▶ **THE RECORDS**:

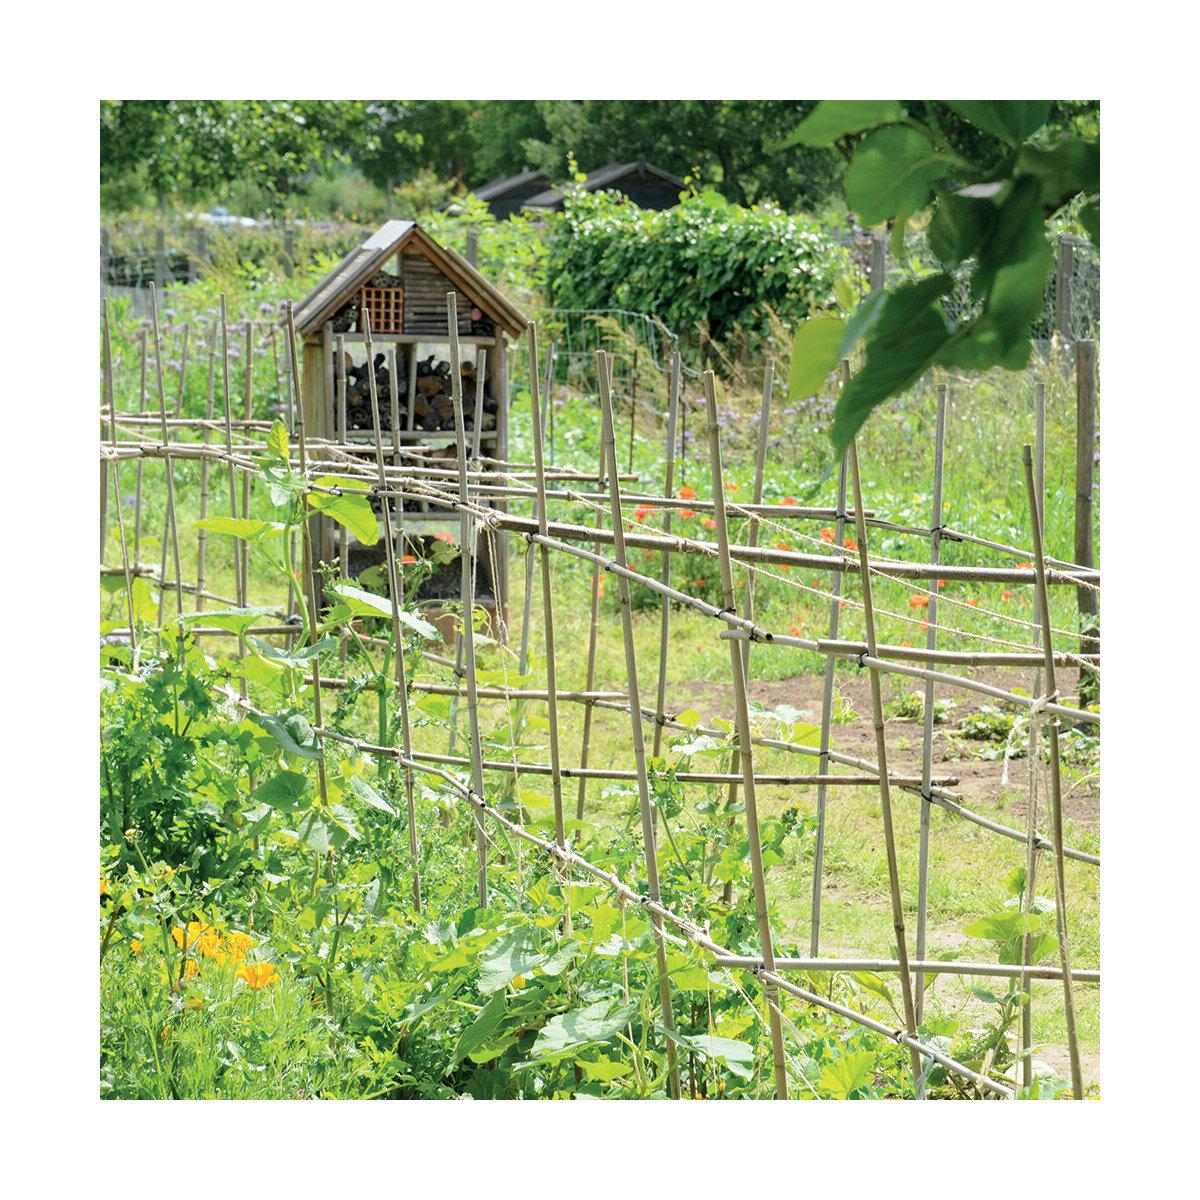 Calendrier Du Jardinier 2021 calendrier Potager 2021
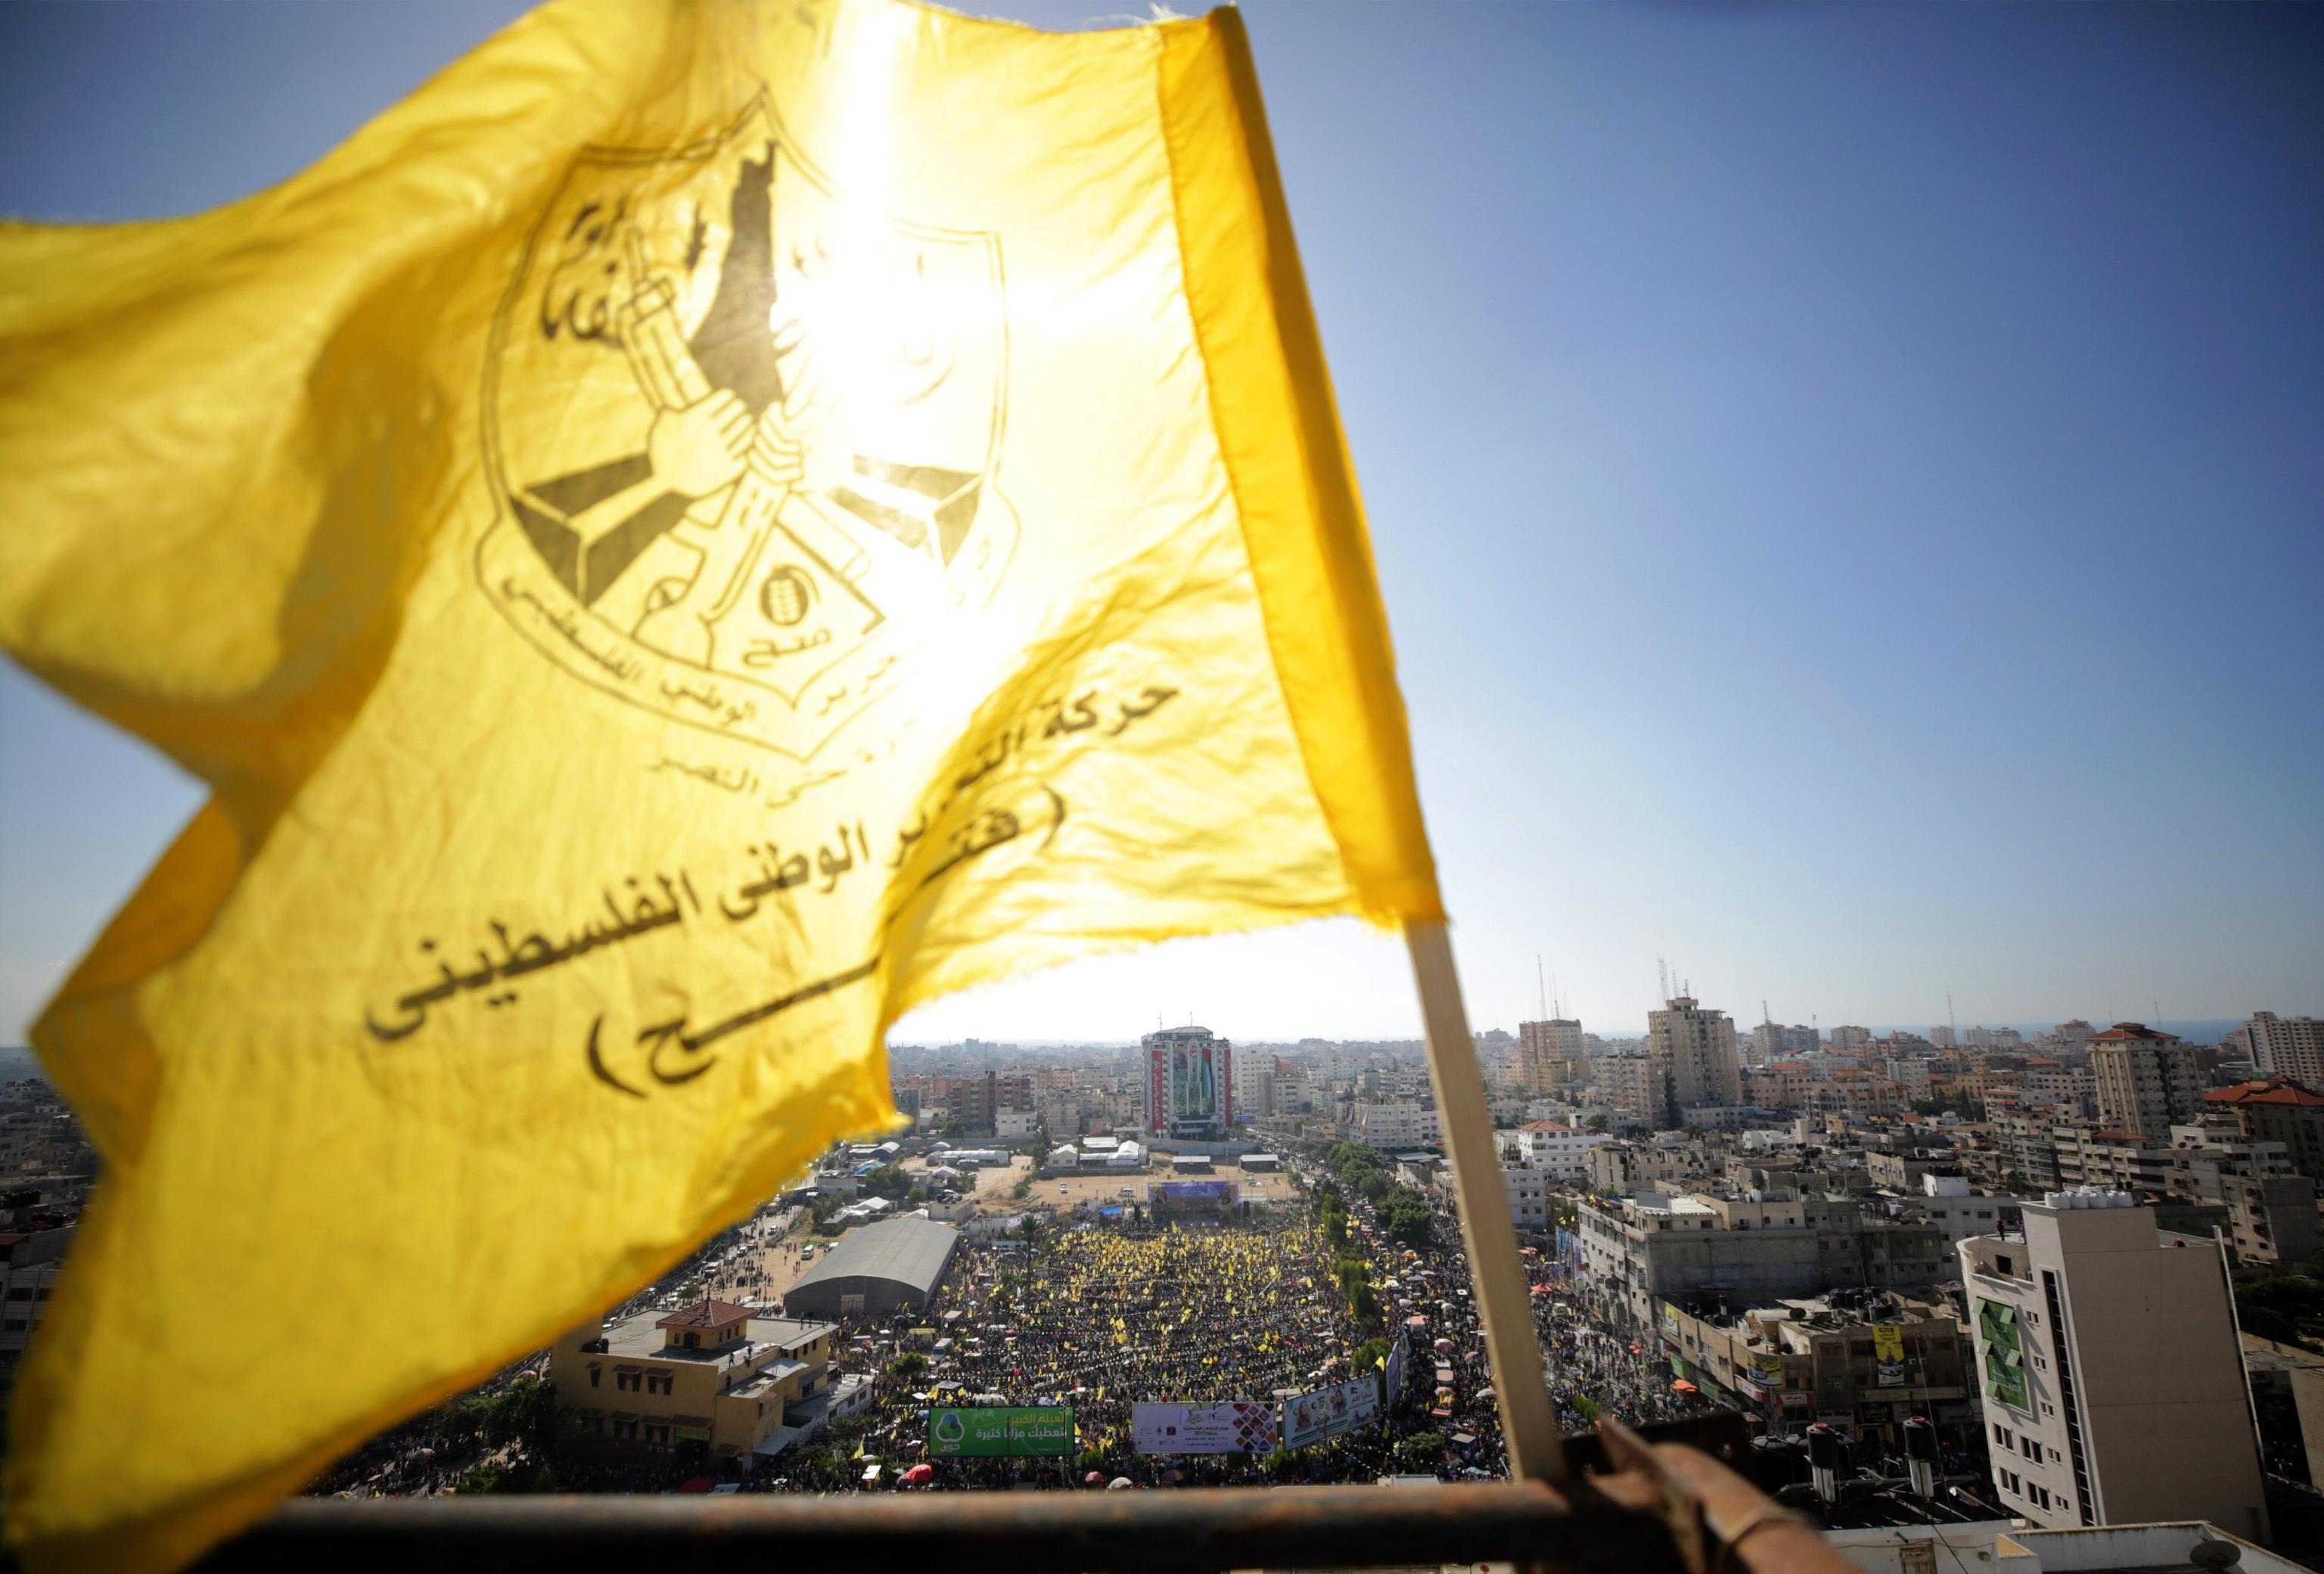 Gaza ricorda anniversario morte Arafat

...

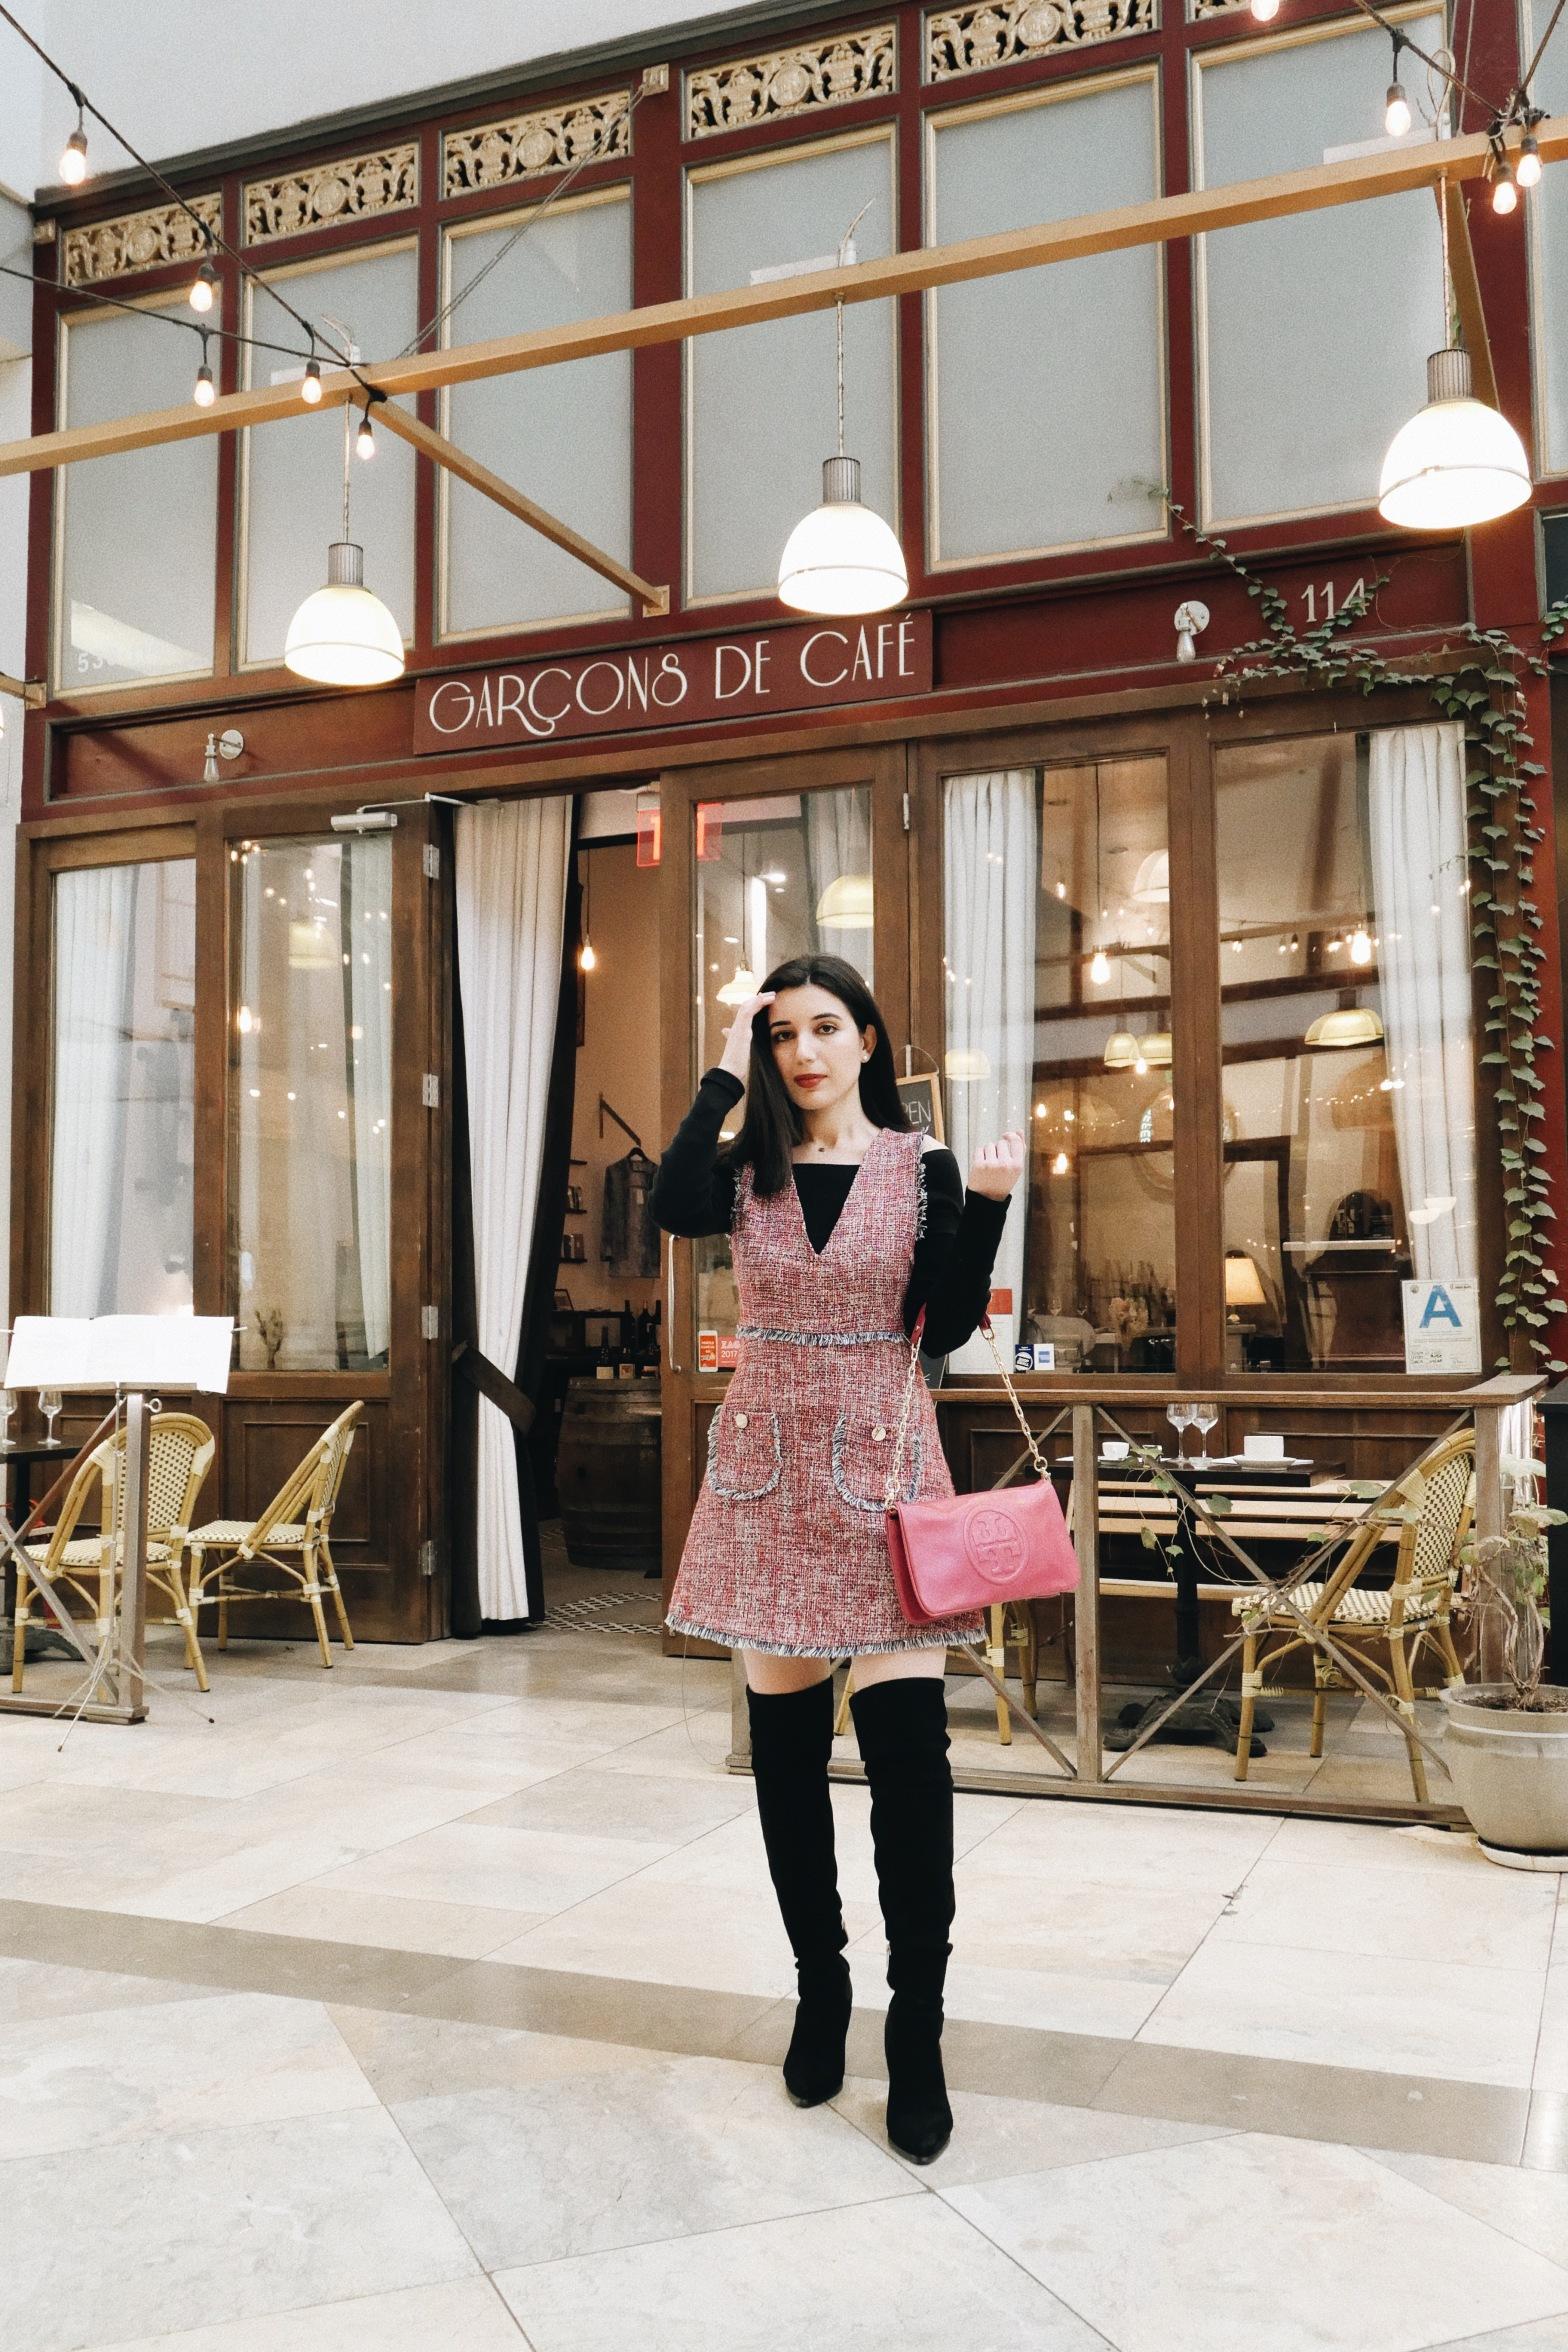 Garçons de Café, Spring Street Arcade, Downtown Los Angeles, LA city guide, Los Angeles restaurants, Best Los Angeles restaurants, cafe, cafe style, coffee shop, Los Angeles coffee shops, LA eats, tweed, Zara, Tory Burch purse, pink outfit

▶ **WHAT NEEDS TO BE DONE**:
Leave the pictures out, and transcribe exactly the lines above starting at the one that contains "Calendrier Du Jardinier" and ending at the one that contains "Gaza ricorda anniversario morte Arafat".

▶ **RESPONSE FOR THIS EXERCISE**:
 Calendrier Du Jardinier 2021 calendrier Potager 2021
 Gaza ricorda anniversario morte Arafat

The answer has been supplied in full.